-- Task instructions --
Each line of the listing below that includes "Rose" must be copied.
══════════
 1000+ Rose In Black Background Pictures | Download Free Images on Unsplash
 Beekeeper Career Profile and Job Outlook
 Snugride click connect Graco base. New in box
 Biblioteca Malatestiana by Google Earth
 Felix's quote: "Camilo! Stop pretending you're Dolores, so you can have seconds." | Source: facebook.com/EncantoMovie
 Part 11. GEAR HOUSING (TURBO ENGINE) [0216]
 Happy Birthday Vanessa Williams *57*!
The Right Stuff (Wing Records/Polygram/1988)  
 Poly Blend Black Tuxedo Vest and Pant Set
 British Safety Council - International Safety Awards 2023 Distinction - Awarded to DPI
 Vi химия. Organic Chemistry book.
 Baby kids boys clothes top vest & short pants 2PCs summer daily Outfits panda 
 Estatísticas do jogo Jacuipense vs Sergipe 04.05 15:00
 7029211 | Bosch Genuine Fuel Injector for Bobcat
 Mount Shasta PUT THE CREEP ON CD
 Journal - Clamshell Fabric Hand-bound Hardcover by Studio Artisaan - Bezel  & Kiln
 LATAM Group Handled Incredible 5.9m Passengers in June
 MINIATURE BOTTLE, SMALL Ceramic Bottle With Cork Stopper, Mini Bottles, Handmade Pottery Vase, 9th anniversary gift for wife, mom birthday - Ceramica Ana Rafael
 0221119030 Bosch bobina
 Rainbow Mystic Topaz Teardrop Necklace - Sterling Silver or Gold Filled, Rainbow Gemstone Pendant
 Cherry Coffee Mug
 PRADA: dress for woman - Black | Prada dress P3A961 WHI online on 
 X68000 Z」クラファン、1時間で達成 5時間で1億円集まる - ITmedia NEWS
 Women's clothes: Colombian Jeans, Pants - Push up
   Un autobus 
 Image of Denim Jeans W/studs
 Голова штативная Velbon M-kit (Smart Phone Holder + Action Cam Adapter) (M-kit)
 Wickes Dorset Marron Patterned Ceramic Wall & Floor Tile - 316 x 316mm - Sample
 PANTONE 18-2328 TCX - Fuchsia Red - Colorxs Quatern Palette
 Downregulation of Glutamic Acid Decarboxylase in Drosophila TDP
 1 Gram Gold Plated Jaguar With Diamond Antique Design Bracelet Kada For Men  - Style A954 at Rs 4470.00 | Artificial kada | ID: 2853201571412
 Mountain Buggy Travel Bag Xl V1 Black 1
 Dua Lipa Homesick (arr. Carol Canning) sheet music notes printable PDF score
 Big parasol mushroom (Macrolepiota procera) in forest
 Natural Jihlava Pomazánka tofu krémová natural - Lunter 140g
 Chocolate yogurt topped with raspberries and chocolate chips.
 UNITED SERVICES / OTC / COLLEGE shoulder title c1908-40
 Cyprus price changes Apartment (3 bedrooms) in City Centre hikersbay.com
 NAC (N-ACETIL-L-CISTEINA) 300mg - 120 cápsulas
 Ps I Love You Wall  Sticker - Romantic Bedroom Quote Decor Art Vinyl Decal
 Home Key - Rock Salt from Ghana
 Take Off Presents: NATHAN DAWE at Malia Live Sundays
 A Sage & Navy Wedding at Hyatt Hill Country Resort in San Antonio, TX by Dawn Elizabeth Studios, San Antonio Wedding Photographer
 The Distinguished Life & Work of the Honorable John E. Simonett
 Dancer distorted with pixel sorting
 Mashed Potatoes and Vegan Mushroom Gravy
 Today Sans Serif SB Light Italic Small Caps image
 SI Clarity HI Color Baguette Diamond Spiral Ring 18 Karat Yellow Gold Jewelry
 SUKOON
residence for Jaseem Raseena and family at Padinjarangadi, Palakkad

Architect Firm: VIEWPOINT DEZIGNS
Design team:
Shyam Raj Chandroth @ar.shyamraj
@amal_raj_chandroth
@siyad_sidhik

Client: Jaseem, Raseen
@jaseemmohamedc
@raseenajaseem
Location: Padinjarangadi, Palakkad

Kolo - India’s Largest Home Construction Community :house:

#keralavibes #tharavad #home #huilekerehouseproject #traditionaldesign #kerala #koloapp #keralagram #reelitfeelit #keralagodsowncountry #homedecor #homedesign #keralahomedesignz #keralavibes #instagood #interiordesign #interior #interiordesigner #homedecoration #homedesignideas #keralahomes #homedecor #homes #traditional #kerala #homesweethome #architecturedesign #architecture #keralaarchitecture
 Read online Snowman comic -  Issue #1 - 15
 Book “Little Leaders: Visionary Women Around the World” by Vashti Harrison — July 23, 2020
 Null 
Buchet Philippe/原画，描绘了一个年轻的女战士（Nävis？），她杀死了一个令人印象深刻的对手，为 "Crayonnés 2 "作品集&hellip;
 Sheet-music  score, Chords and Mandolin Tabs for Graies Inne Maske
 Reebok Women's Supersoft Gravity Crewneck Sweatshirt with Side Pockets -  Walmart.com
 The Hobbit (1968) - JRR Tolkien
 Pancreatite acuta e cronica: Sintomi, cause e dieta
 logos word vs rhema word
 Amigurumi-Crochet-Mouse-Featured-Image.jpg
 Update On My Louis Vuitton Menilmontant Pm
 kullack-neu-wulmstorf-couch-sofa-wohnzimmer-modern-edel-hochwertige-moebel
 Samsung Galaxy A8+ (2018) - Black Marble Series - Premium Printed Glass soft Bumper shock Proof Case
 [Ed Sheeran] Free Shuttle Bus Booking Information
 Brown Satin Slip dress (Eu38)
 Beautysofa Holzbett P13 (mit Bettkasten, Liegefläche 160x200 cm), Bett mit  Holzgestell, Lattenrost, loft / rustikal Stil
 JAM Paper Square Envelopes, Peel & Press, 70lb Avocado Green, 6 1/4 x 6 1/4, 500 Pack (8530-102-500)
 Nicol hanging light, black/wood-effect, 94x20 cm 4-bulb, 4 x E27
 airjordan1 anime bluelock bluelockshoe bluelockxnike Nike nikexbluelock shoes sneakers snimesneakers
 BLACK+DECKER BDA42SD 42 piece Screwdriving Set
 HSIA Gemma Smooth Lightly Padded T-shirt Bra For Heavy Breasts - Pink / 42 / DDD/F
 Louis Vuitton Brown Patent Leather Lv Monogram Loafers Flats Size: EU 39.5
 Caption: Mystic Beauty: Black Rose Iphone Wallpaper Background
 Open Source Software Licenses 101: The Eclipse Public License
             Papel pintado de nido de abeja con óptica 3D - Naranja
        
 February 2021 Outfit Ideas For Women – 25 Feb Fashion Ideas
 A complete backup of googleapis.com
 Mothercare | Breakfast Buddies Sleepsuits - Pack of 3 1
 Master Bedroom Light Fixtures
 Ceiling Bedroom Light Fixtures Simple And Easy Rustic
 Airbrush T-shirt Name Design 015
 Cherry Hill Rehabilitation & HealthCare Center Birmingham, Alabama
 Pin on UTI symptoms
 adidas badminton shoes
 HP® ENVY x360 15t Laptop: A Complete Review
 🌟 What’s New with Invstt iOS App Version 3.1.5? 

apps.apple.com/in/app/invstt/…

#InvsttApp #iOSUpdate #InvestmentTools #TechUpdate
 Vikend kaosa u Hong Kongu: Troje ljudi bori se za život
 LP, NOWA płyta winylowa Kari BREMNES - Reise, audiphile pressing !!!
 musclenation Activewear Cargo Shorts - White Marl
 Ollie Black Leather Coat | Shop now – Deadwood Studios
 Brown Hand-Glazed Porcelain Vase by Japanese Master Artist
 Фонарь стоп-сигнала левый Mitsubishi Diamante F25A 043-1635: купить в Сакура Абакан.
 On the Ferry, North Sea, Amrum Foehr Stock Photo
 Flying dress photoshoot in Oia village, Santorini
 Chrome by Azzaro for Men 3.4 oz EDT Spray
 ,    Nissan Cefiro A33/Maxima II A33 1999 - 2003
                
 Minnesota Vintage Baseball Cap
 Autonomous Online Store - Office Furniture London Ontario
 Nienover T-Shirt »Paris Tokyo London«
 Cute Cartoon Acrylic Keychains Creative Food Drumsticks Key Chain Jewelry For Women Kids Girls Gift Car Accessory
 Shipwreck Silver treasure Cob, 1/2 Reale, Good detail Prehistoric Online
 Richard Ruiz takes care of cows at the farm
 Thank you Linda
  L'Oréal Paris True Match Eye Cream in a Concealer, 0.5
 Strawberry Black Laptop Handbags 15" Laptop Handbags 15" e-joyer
══════════
-- Answer to this task --
 1000+ Rose In Black Background Pictures | Download Free Images on Unsplash
 Caption: Mystic Beauty: Black Rose Iphone Wallpaper Background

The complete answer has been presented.